— Налей-ка мне, Петя, еще стаканчик, — угрюмо сказал Максим. Он выпил коньяк, размял сигарету. Руки его дрожали. — Между нами есть разница, друг мой Петенька, — тихо заговорил Максим. — В годы гражданской войны ты пешком под стол ходил, ни в какой армии не был. Какой же с тебя спрос? За кого ты отвечать должен? За отца? За то, что отец твой, князь Григорий Бармин, у генерала Корнилова служил и расстрелян красными? Так ты за это не ответчик. Какую ж такую вину ты должен смывать кровью? За тобой, Петя, никакой вины нет. Пожелай ты завтра вернуться в Россию, принять советское подданство, тебе слова никто не скажет. У меня же совсем другое дело.
— Какое дело? — горячо возразил Бармин. — Ты что — карателем был? Вешал или расстреливал красных? Или, может, бедняков шомполами порол да избы их поджигал? Ничего ведь этого не было!
— Да, не было, — сказал Максим. — Но я служил в белой армии, у меня офицерское звание. Кто там будет сейчас разбирать — каратель я или не каратель. Вот мне-то и надо, как ты говоришь, вину свою кровью смыть, я уже об этом думал. Да, надо подаваться в Испанию… Ты, Петя, в самую точку попал. На днях попрощаюсь с твоей матерью, с отчимом, скажу им спасибо за то, что приютили меня, и махну через горы, буду воевать против белогвардейской банды Франко. Потом, если жив останусь, попрошу, чтоб разрешили мне вернуться до дому, в Россию, чтобы позволили дочку единственную повидать, прижать к груди мою сиротку Таю… у могилы жены постоять. А там и помирать можно. На своей земле… в России… на Дону…
— Значит, ты, Максим Мартынович, без меня решил идти? — с горечью сказал Бармин. — Хочешь в одиночестве грехи замаливать?
— У тебя, Петя, никаких грехов перед Россией нет. А я считаю, что не только мой долг…
— Подожди! — Бармин взволнованно перебил Максима. — Говоришь, у меня грехов нет? Ты ошибаешься. На мне, князе Петре Бармине, тяжким грузом висят все грехи, все преступления моих предков. Ты вот сказал, что у тебя офицерское звание. Но ты, Максим Мартынович, получил это звание первым в своем казачьем, крестьянском роду. Слышишь? Первым. А до меня, если я не ошибаюсь, было шестьдесят девять офицеров, генералов, сенаторов, тайных советников, тысяцких, министров, губернаторов, царских воевод, и все это были князья Бармины. Они владели десятками тысяч десятин земли, повелевали жизнью и смертью своих бесправных холопов, пороли крепостных, пользовались гнусным правом первой ночи, насилуя крестьянок-невест. Кровью, пожарами, расстрелами они подавляли восстания крестьян и твоих предков-казаков. Это ли не преступление? Это ли не самая тяжкая вина? Все это давит на мою совесть, гнетет меня, не дает мне покоя. И если я хочу увидеть Родину — а это самое заветное мое желание, — я должен вернуться туда очищенным от всей этой тысячелетней скверны. Понимаешь? От всей скверны…

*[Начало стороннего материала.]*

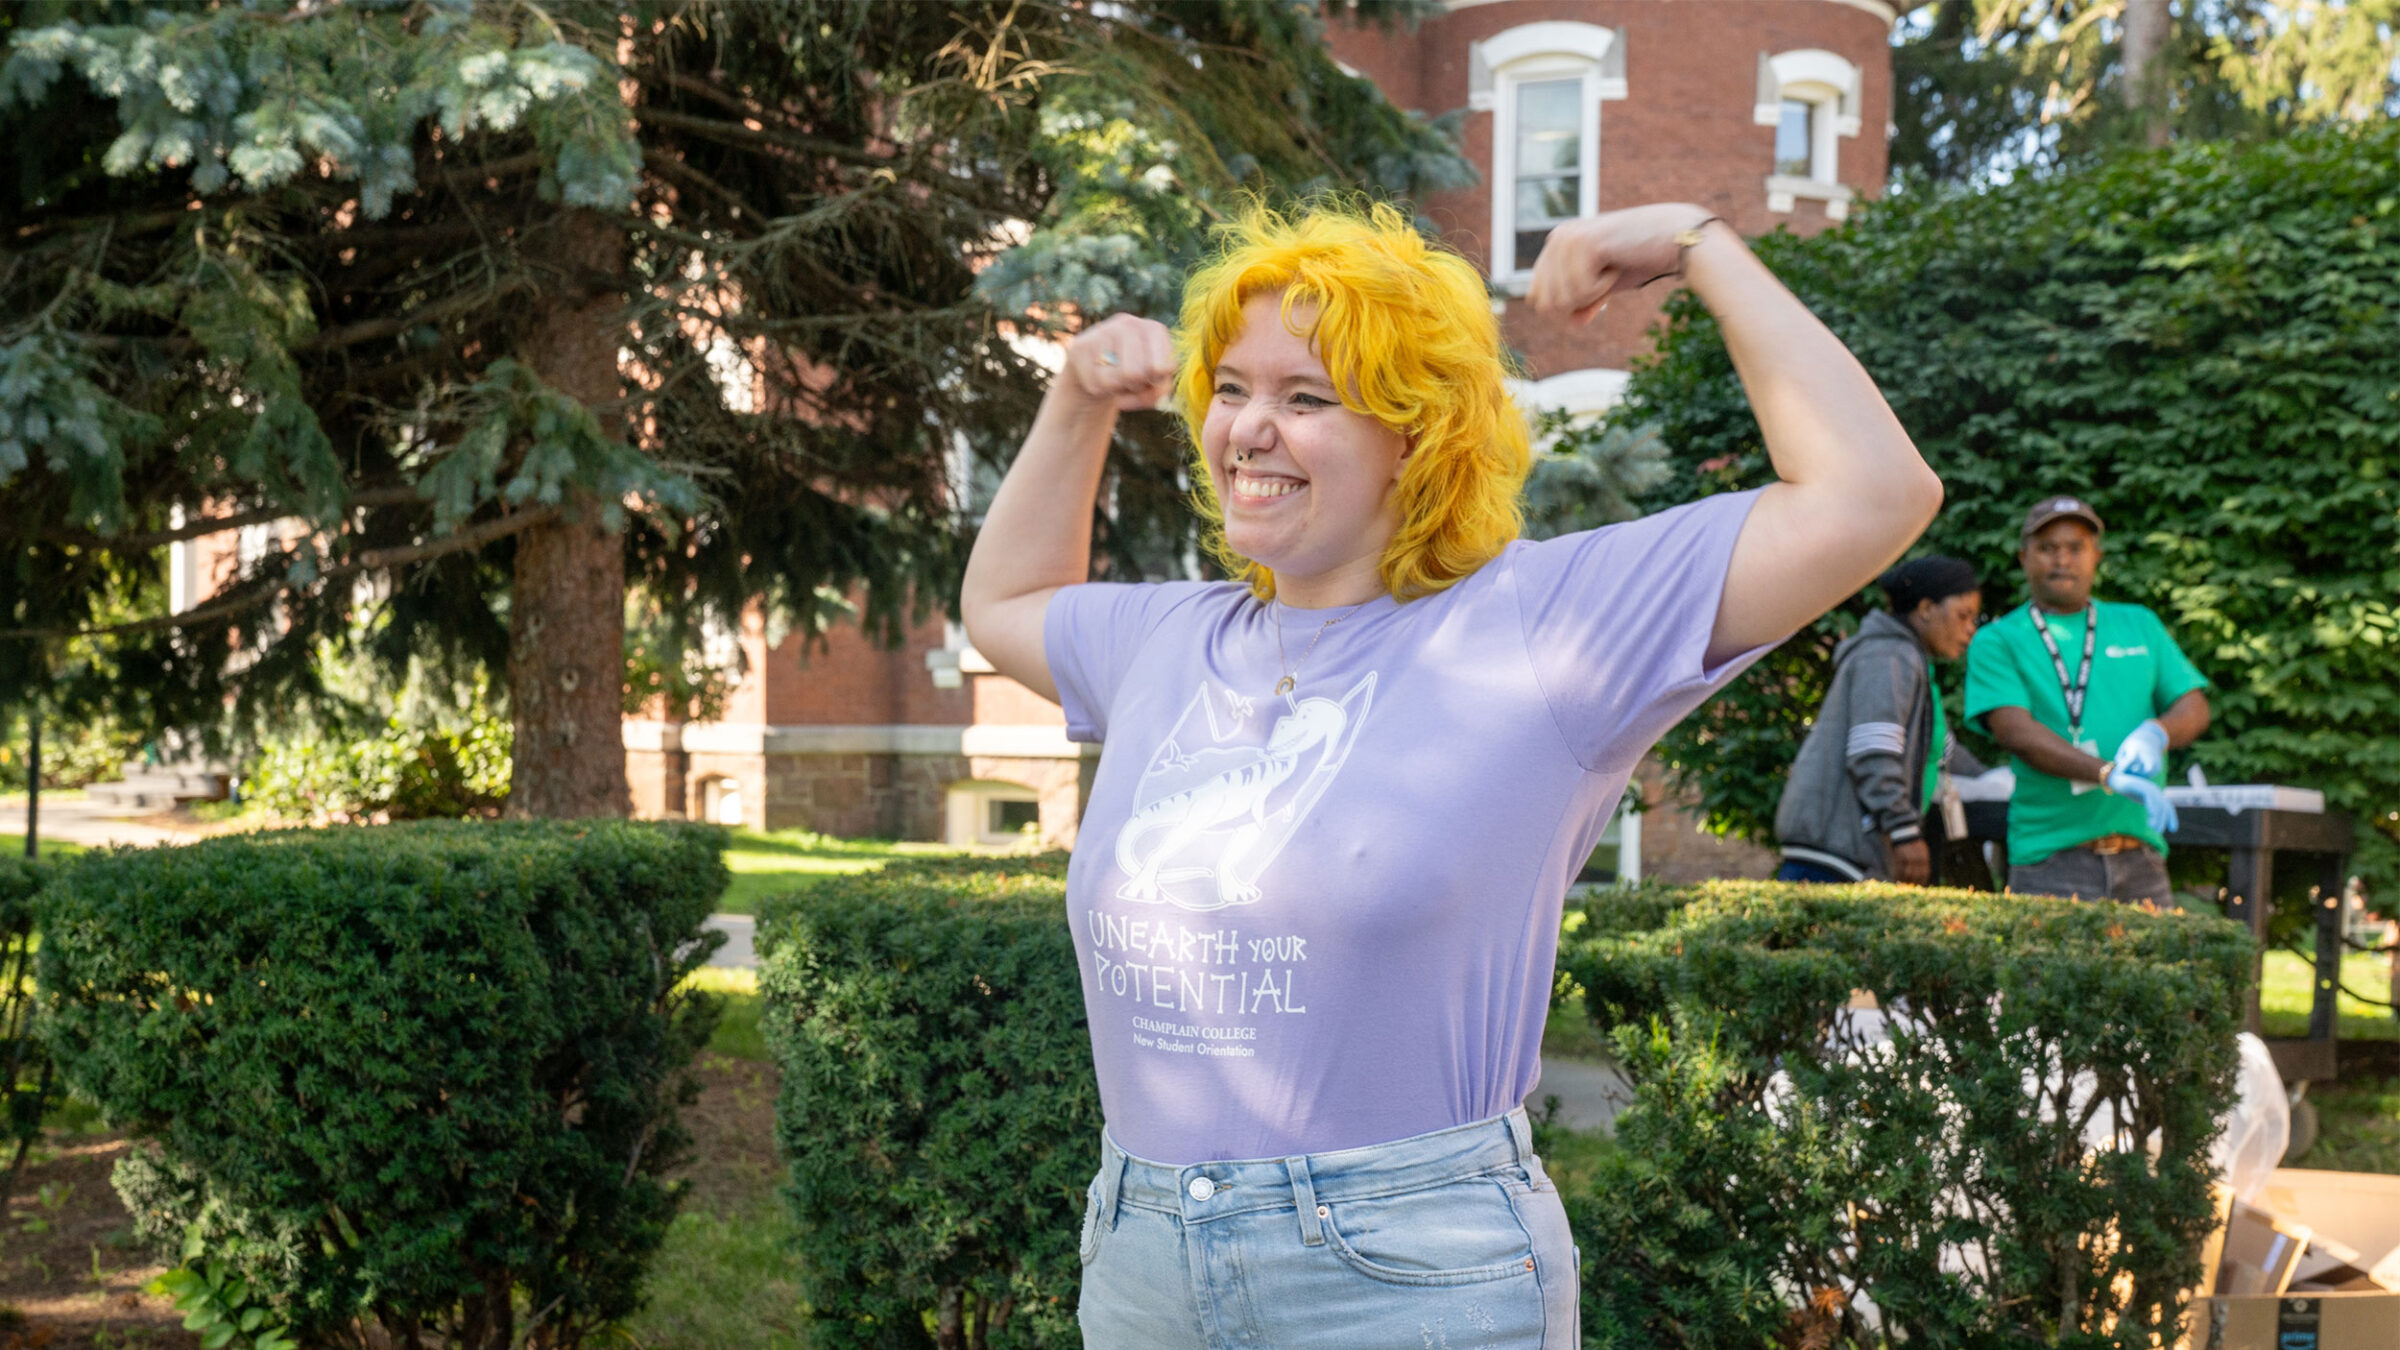 student in purple shirt and yellow hair holds their arms up in an "i'm strong" position

— Понимаю, — глухо сказал Максим. Он обнял Бармина и добавил, вздохнув: — Что ж, Петя, раз так, значит, дорога у нас одна…
2
В то лето в Испанию вели многие дороги. И тайно и явно шли по ним разные люди; одни — большей частью коммунисты — пробирались к испанским границам, чтобы вступить в ряды республиканской армии и помочь законному правительству отстоять завоевания трудового народа; другие, оснащенные новейшим оружием Гитлера и Муссолини, — чтобы поддержать мятежного генерала Франсиско Франко, навсегда уничтожить в Испании республиканский строй и установить генеральскую диктатуру.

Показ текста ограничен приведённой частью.